-- GIVEN MATERIAL --
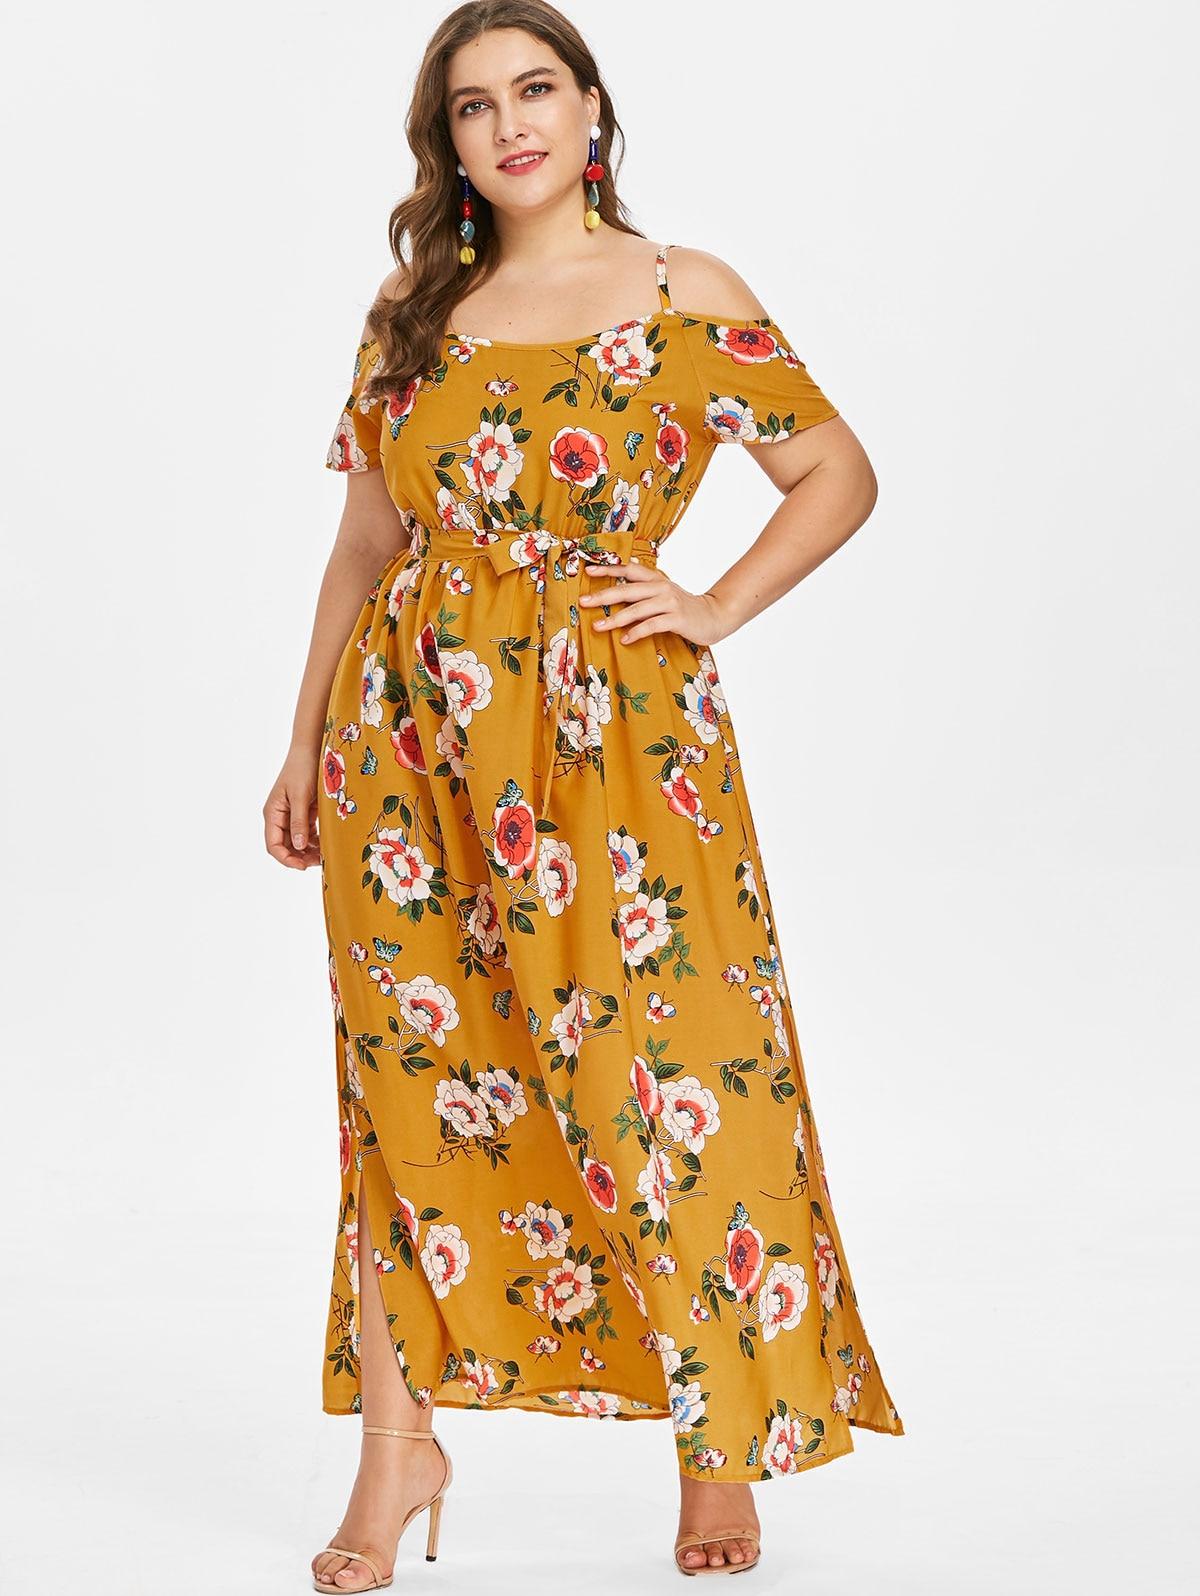 d6e095854cbb3 Wipalo Plus Size Boho Cami Empire Waist Dress Floral Print Slit Belt Cold  Shoulder Spaghetti Strap Casual Beach Dress Vestidos
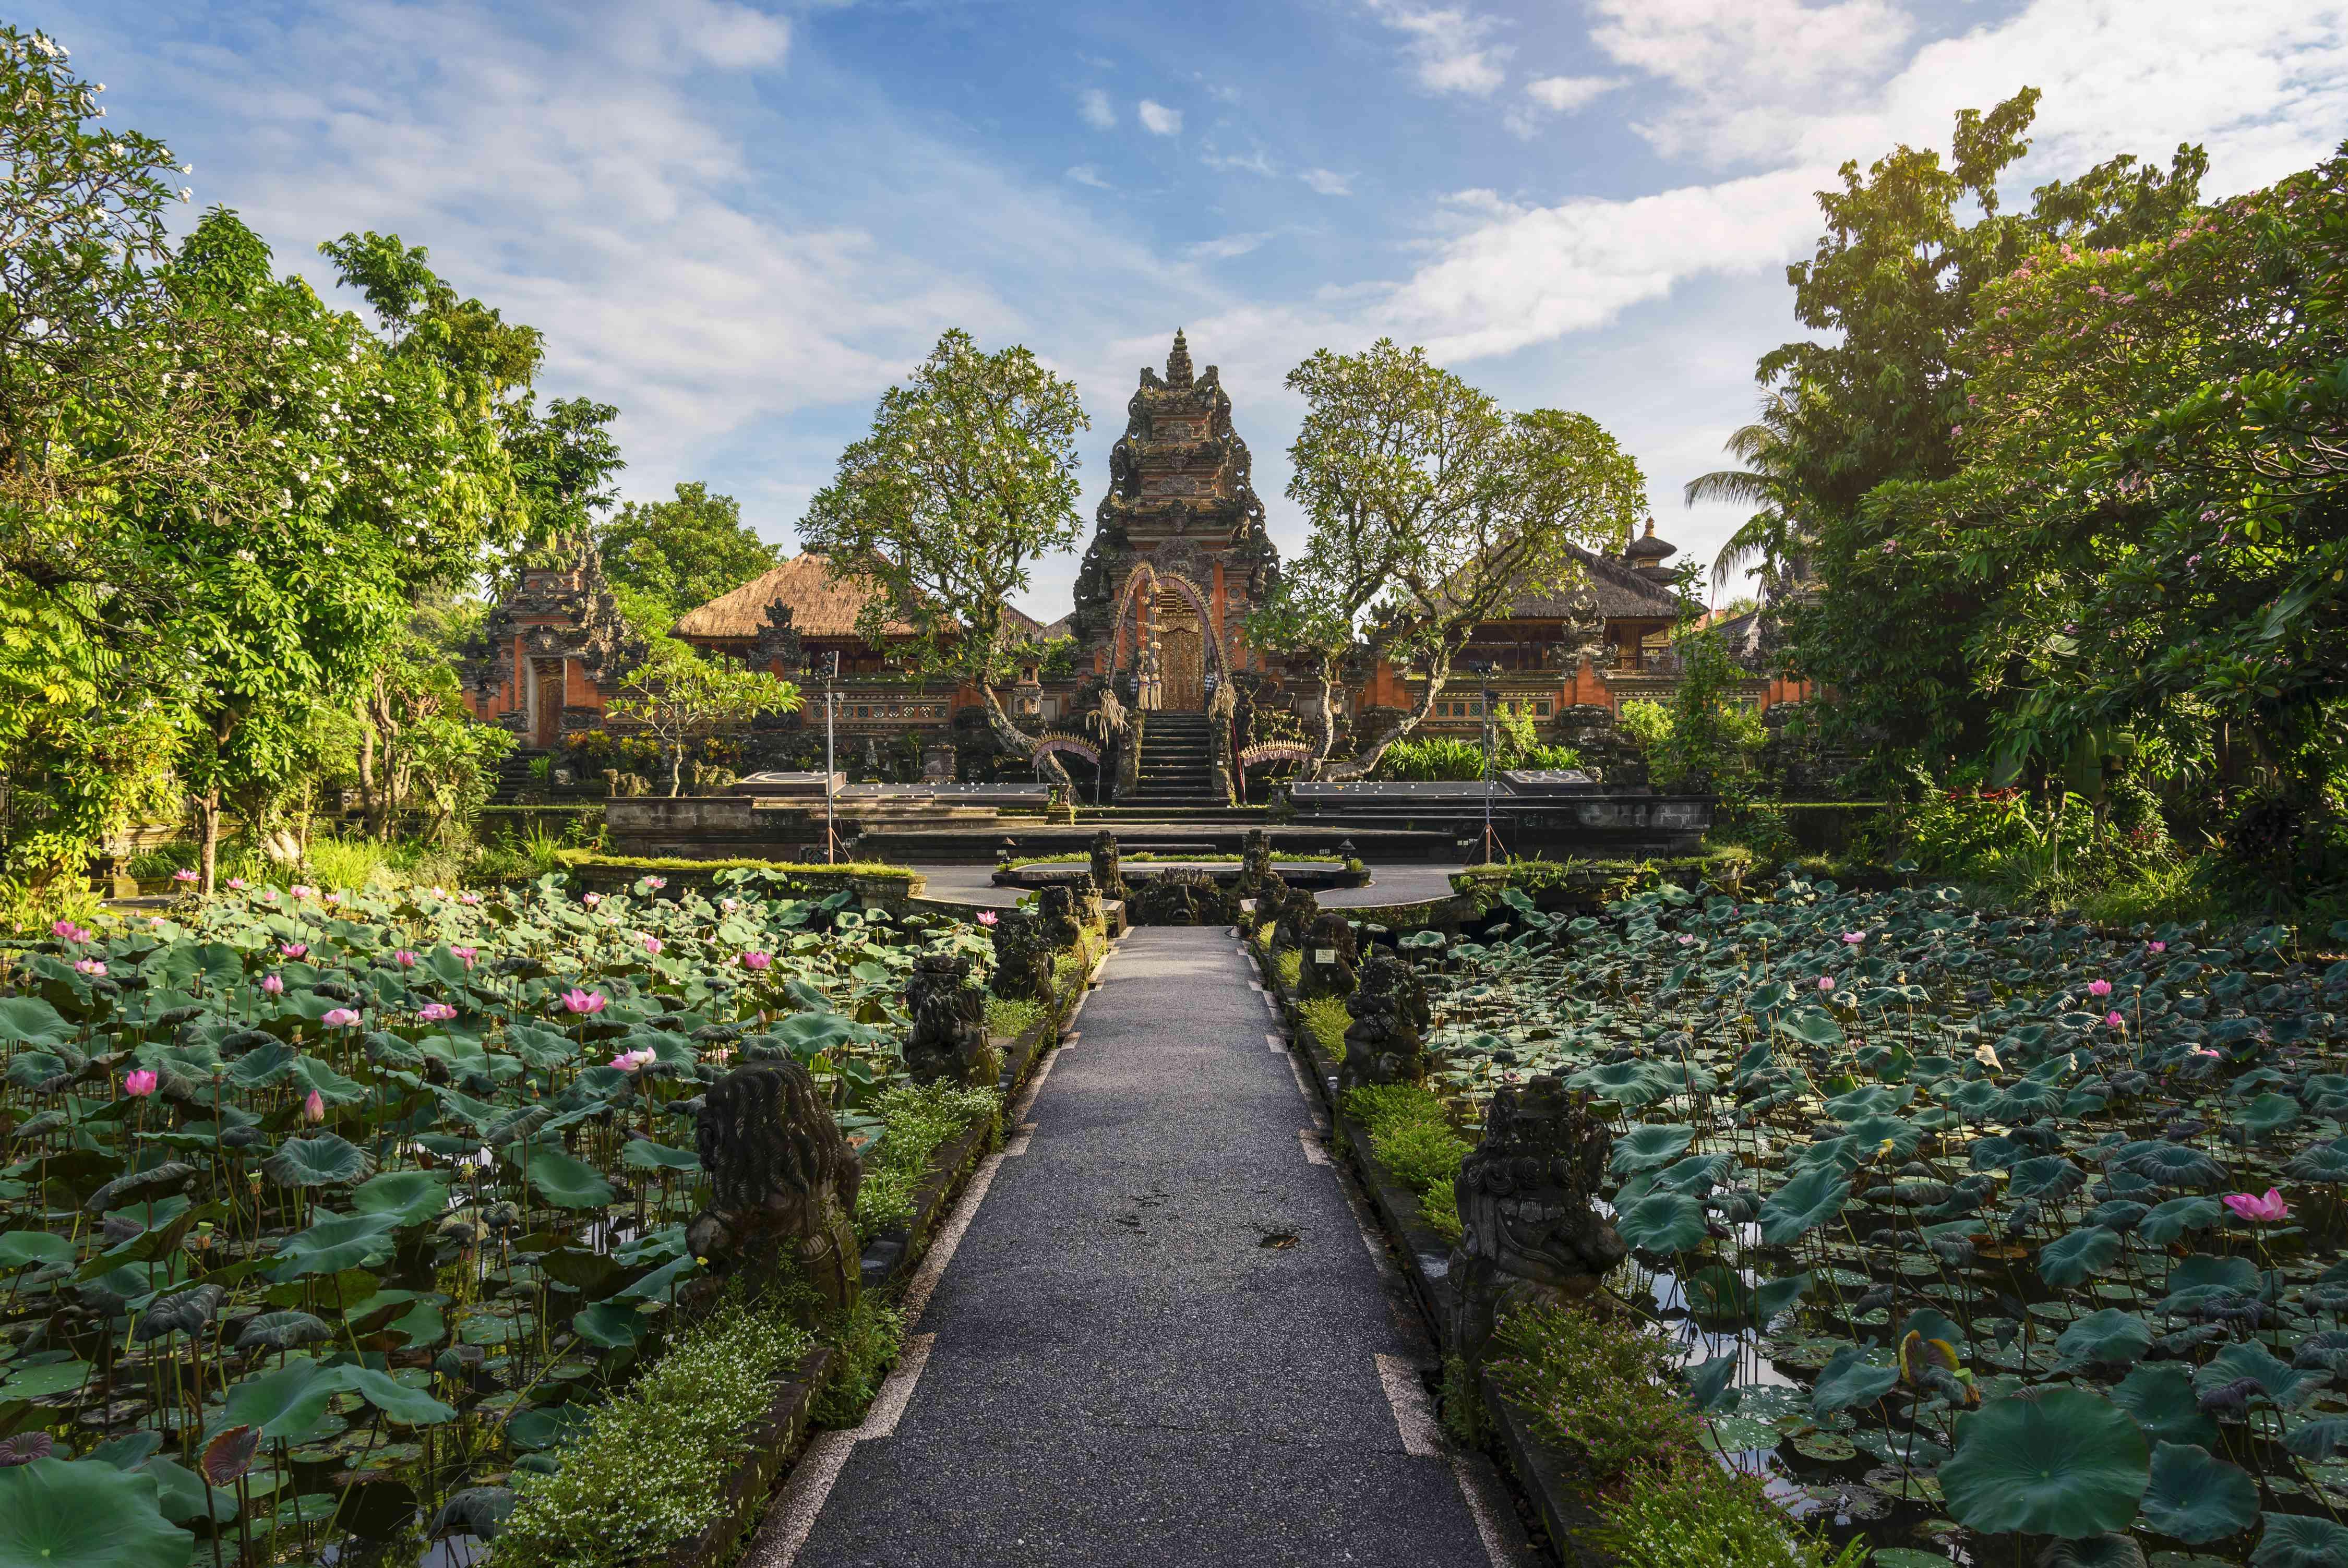 A temple in Ubud, Bali
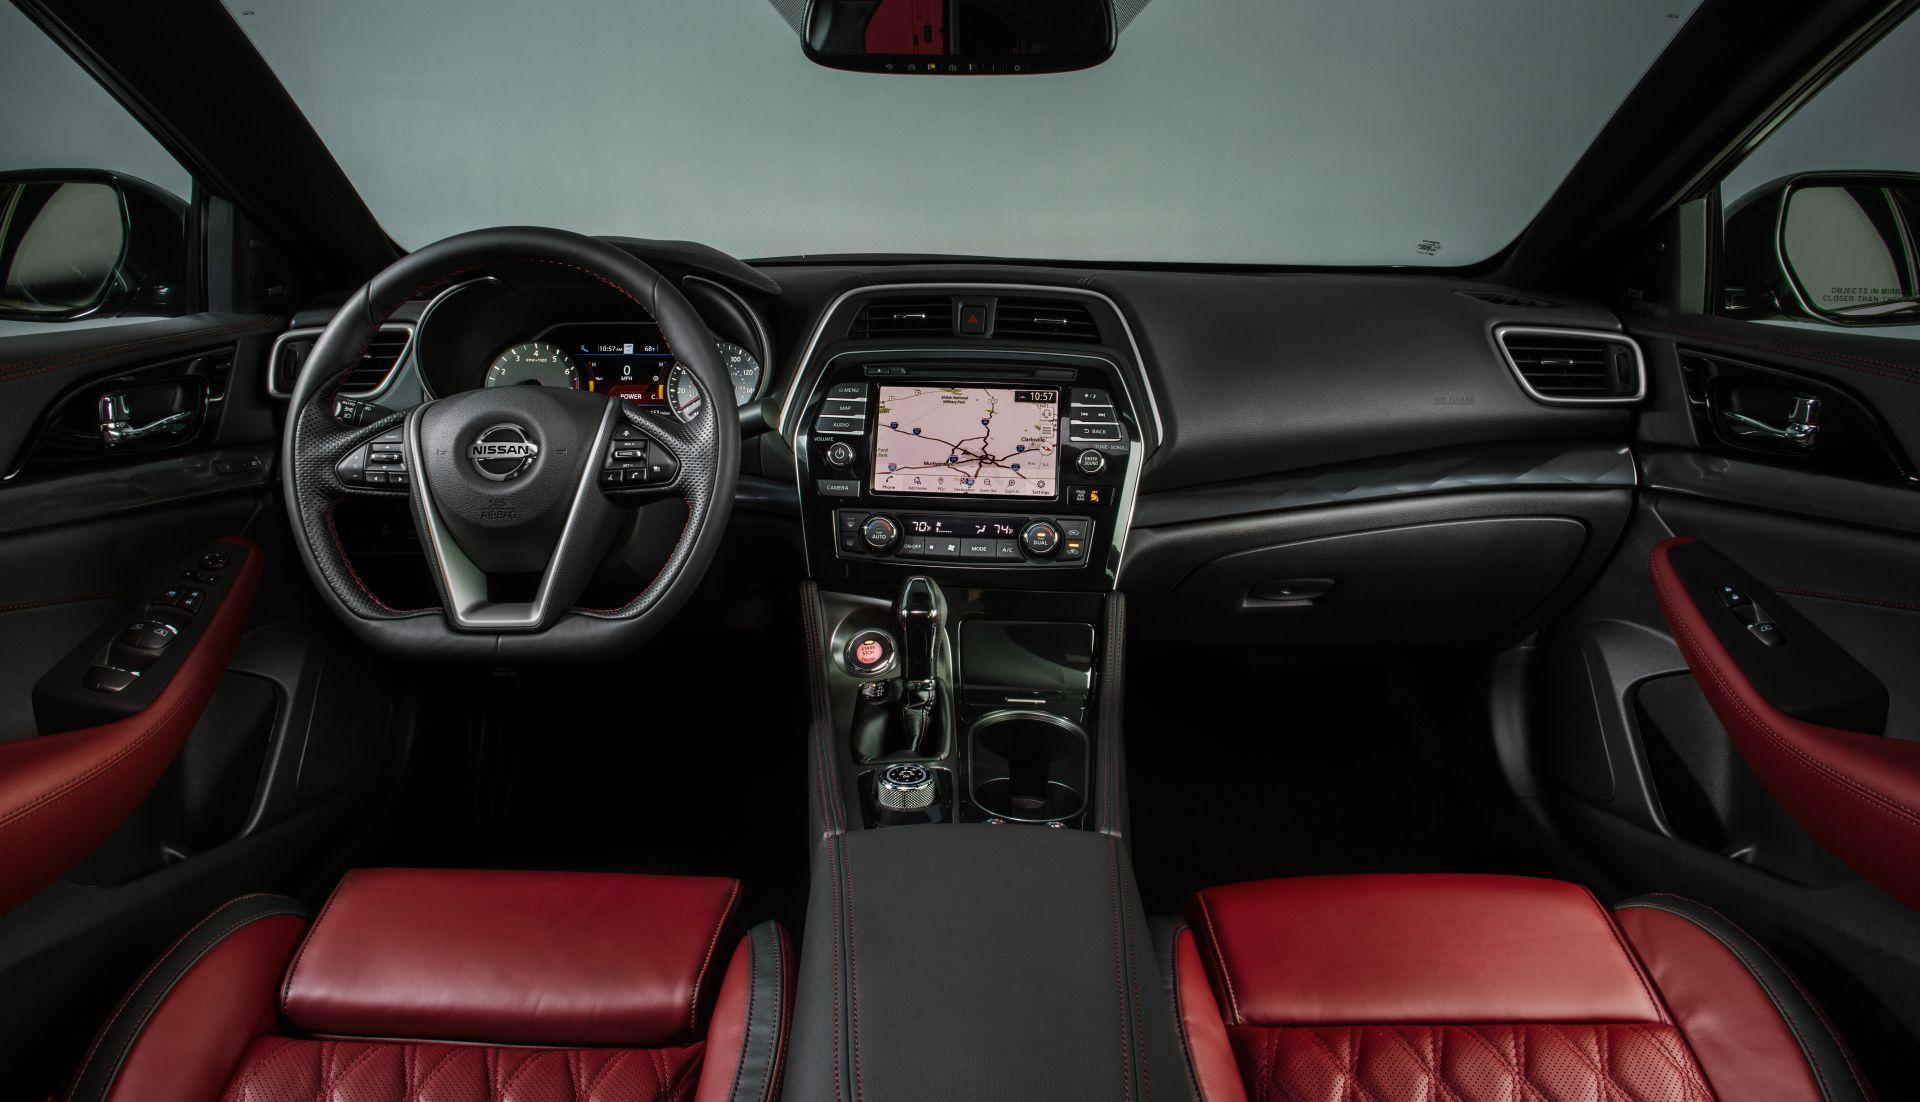 Nissan-Maxima-40th-Anniversary-Edition-13

-- BRIEF --
Begin at the line containing "A temple in Ubud, Bali" and write out every line to the end of the data exactly. Skip the pictures.

-- OUTPUT FOR THIS TASK --
 A temple in Ubud, Bali
 Nissan-Maxima-40th-Anniversary-Edition-13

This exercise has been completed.